■ **Given material**:
..............................

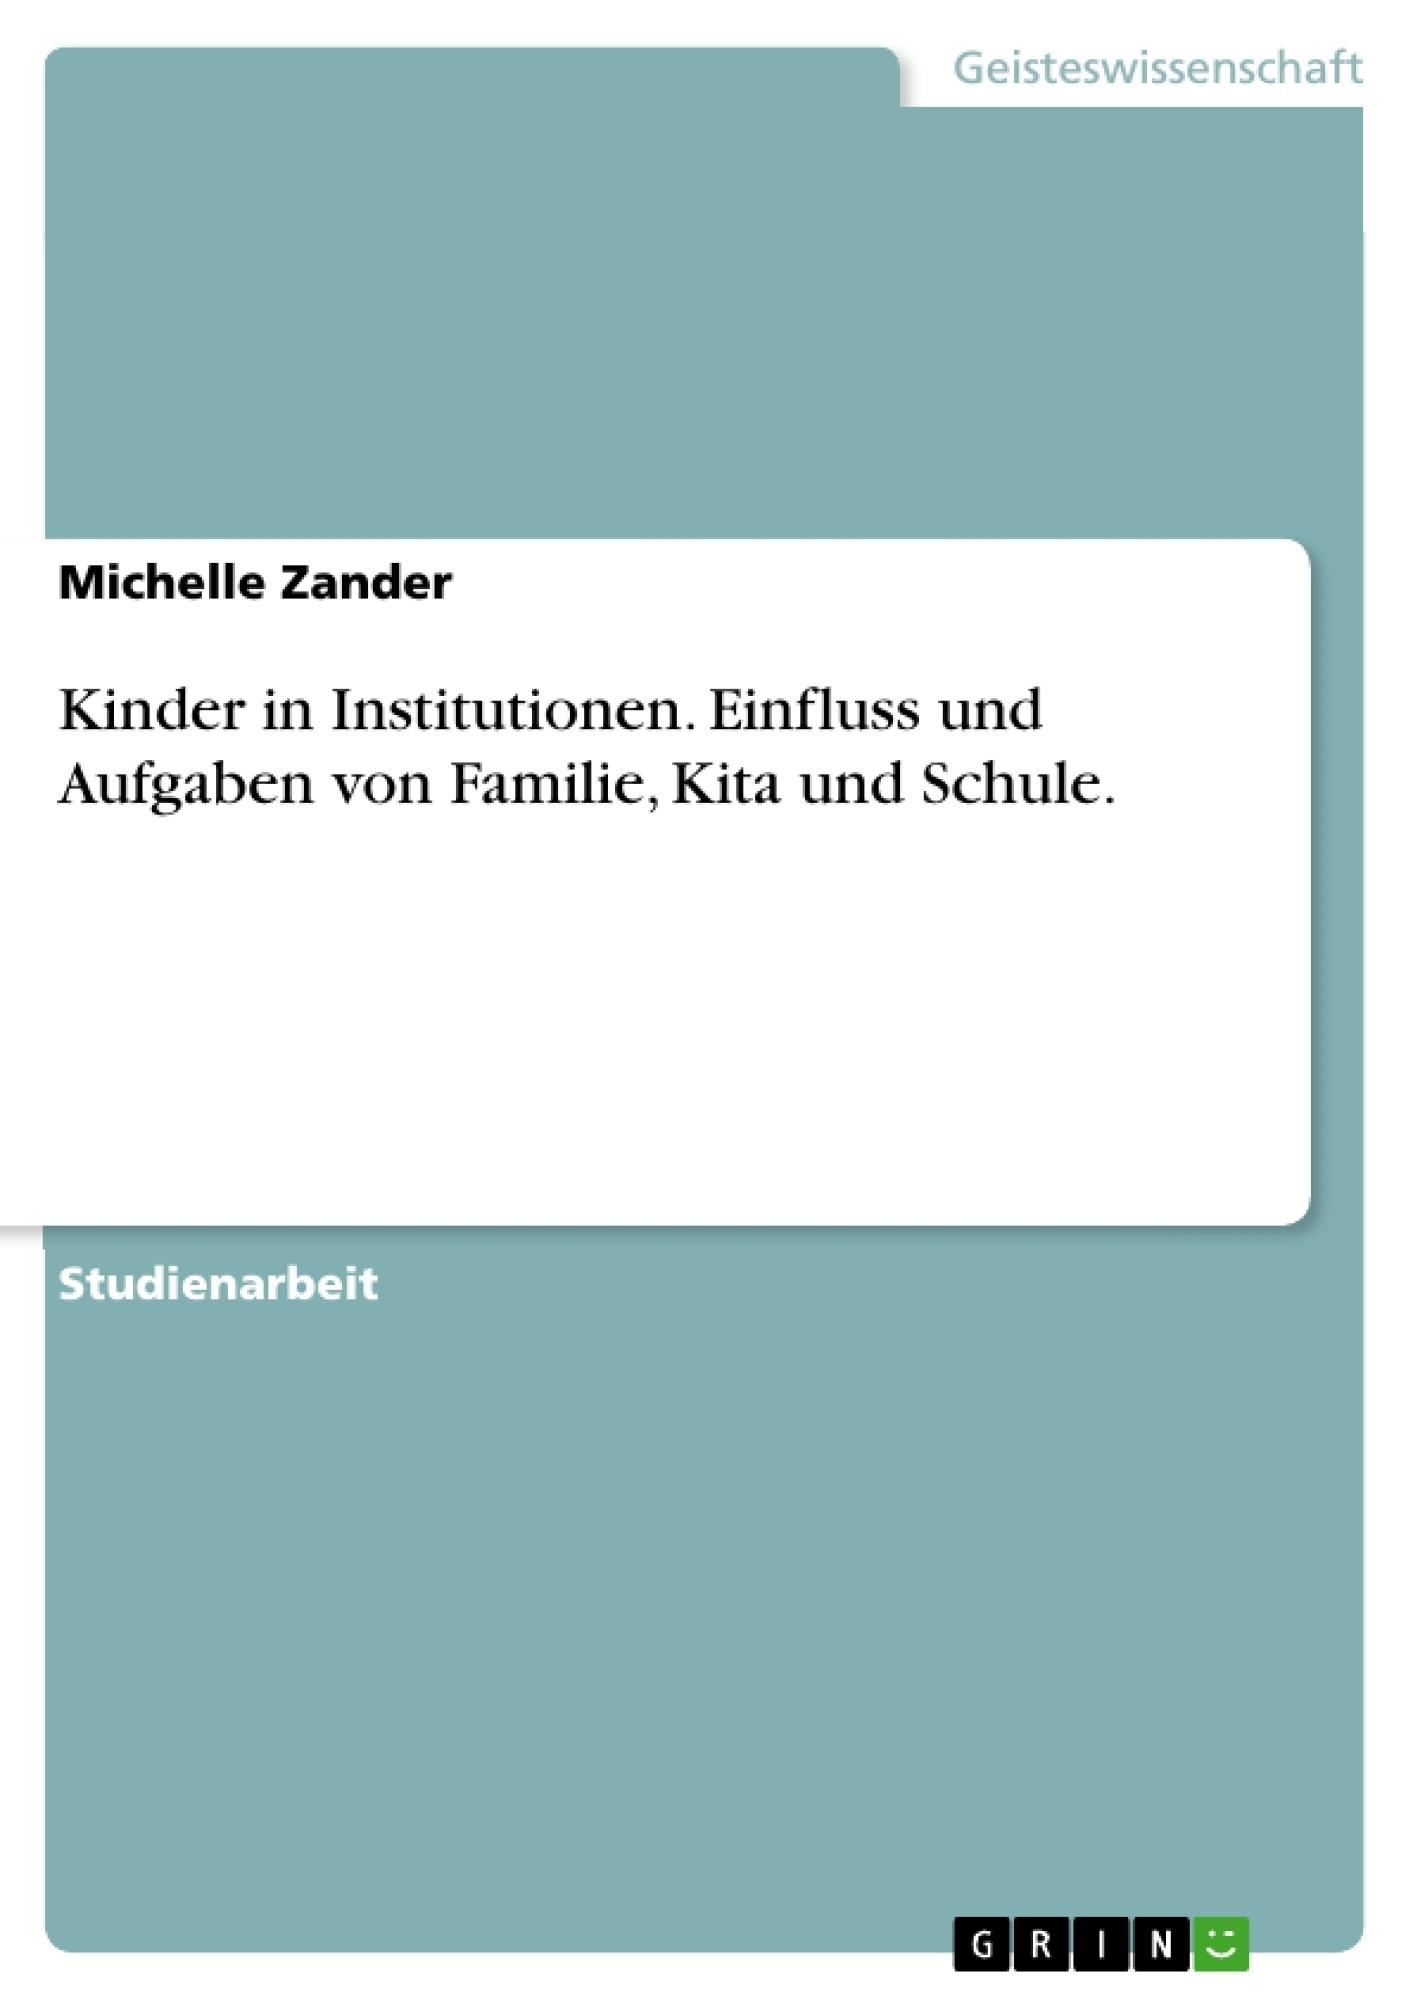 Titel: Kinder in Institutionen. Einfluss und Aufgaben von Familie, Kita und Schule.
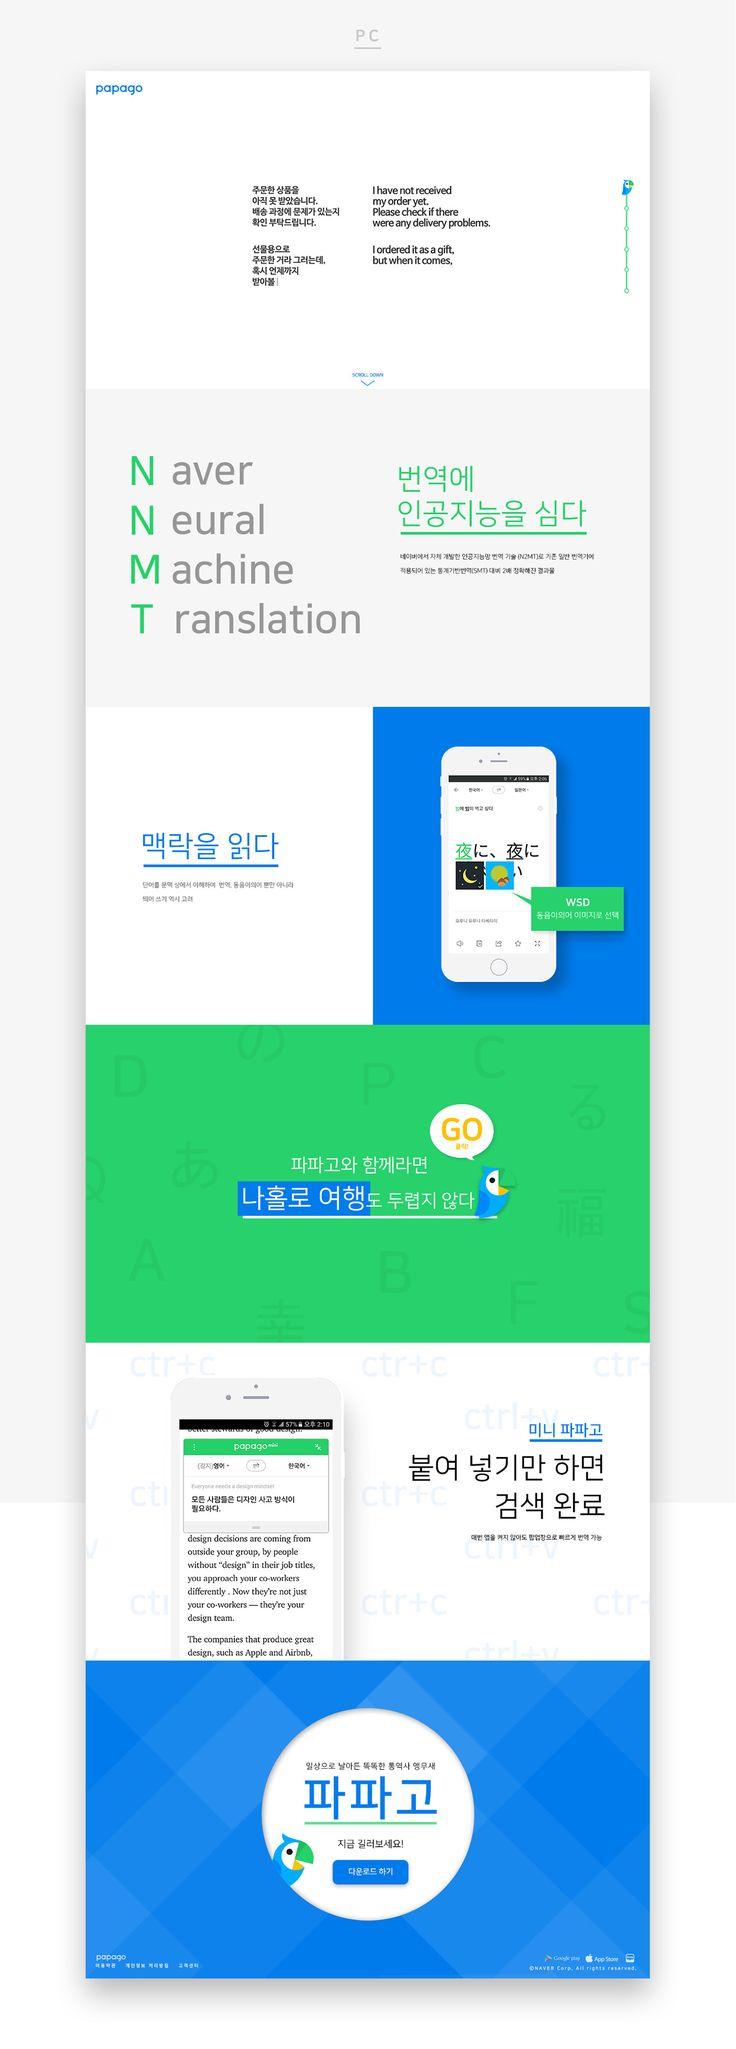 파파고 웹사이트 - UI/UX
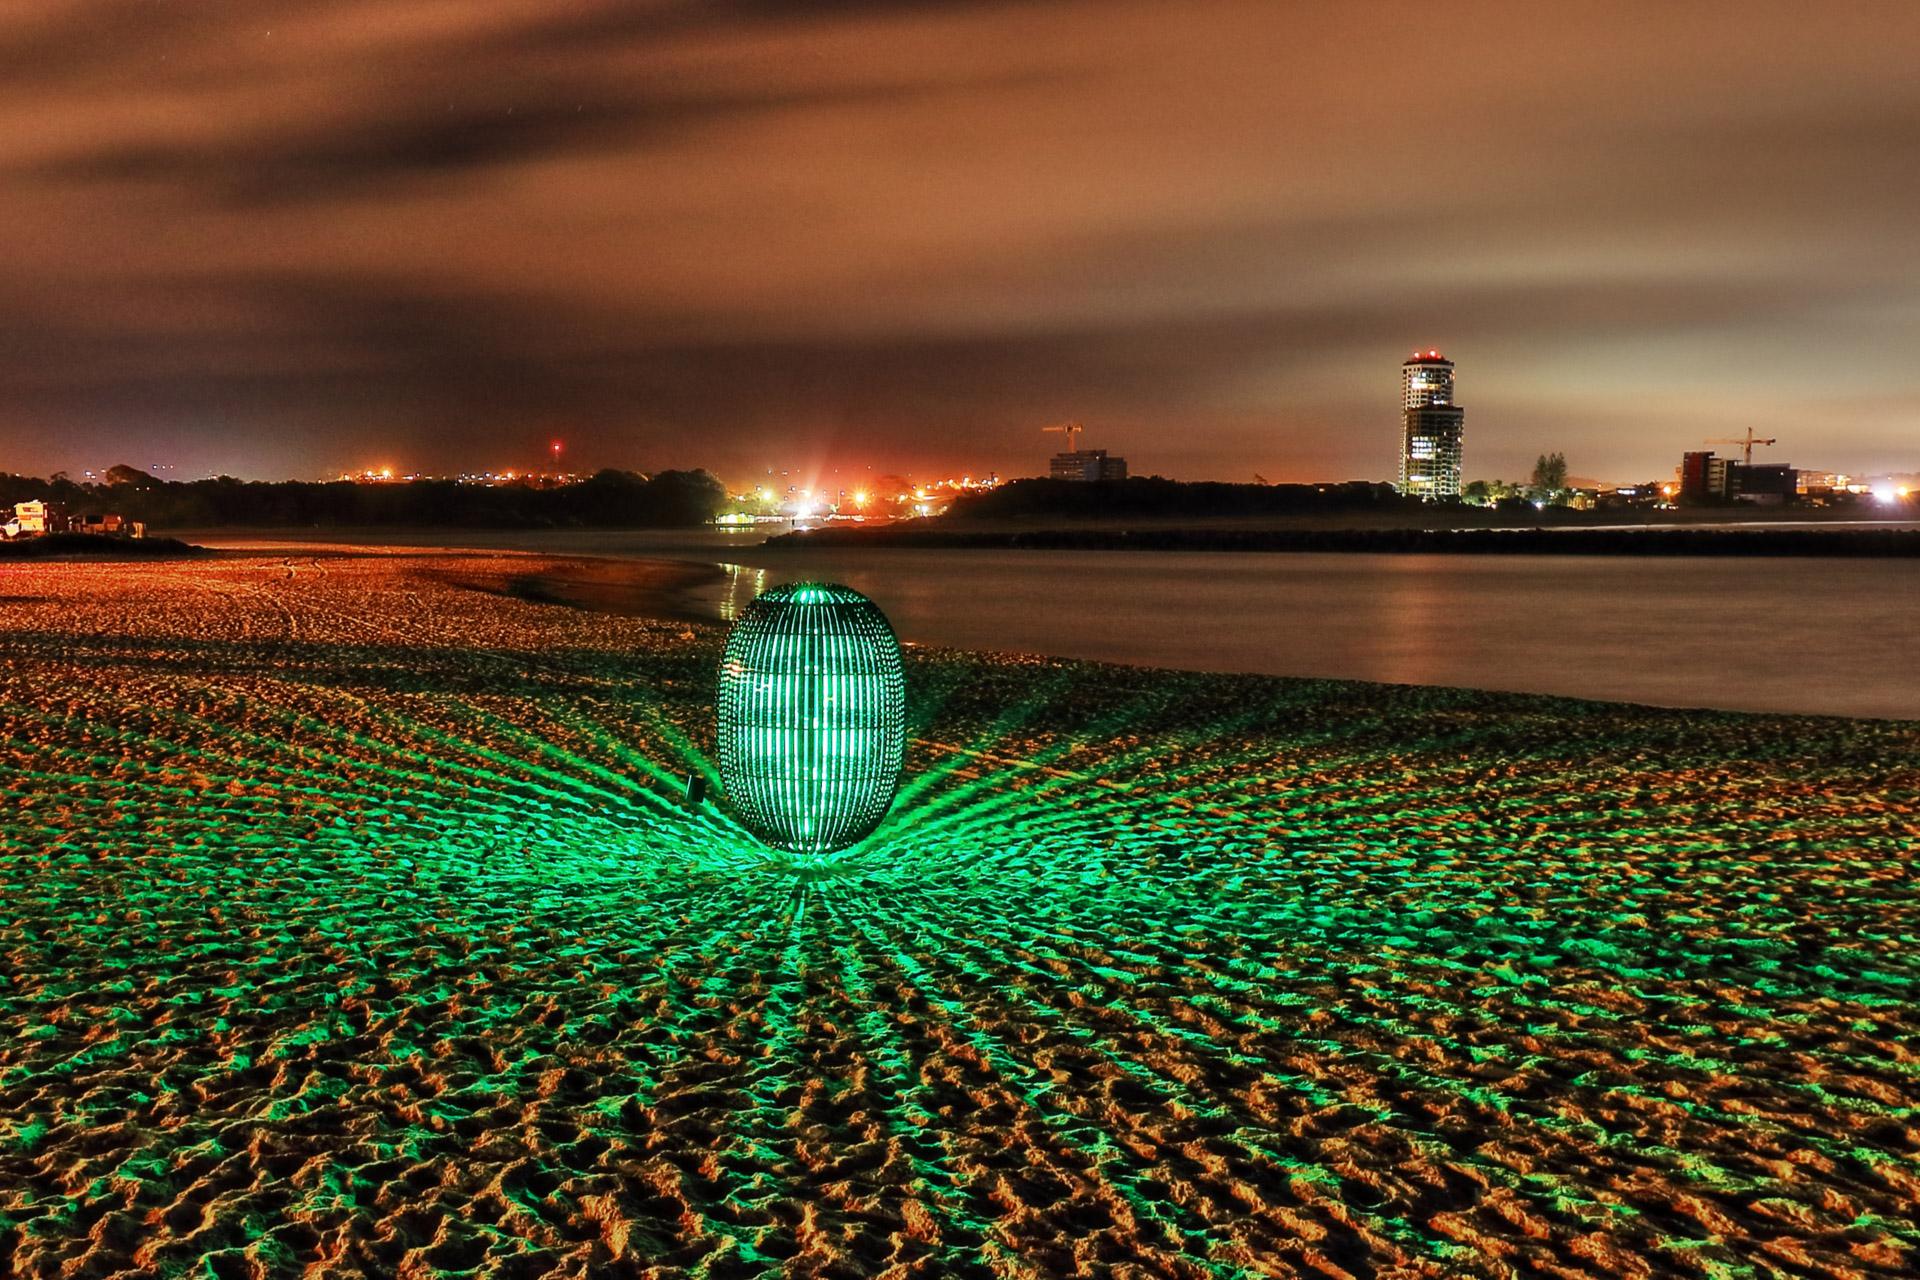 Superegg Coffee Capsule Sculpture at night

..............................

■ **What needs to be done**: Output the listing exactly, pictures excluded.

■ **Result of this exercise**:
 Titel: Kinder in Institutionen. Einfluss und Aufgaben von Familie, Kita und Schule.
 파파고 웹사이트 - UI/UX
 Superegg Coffee Capsule Sculpture at night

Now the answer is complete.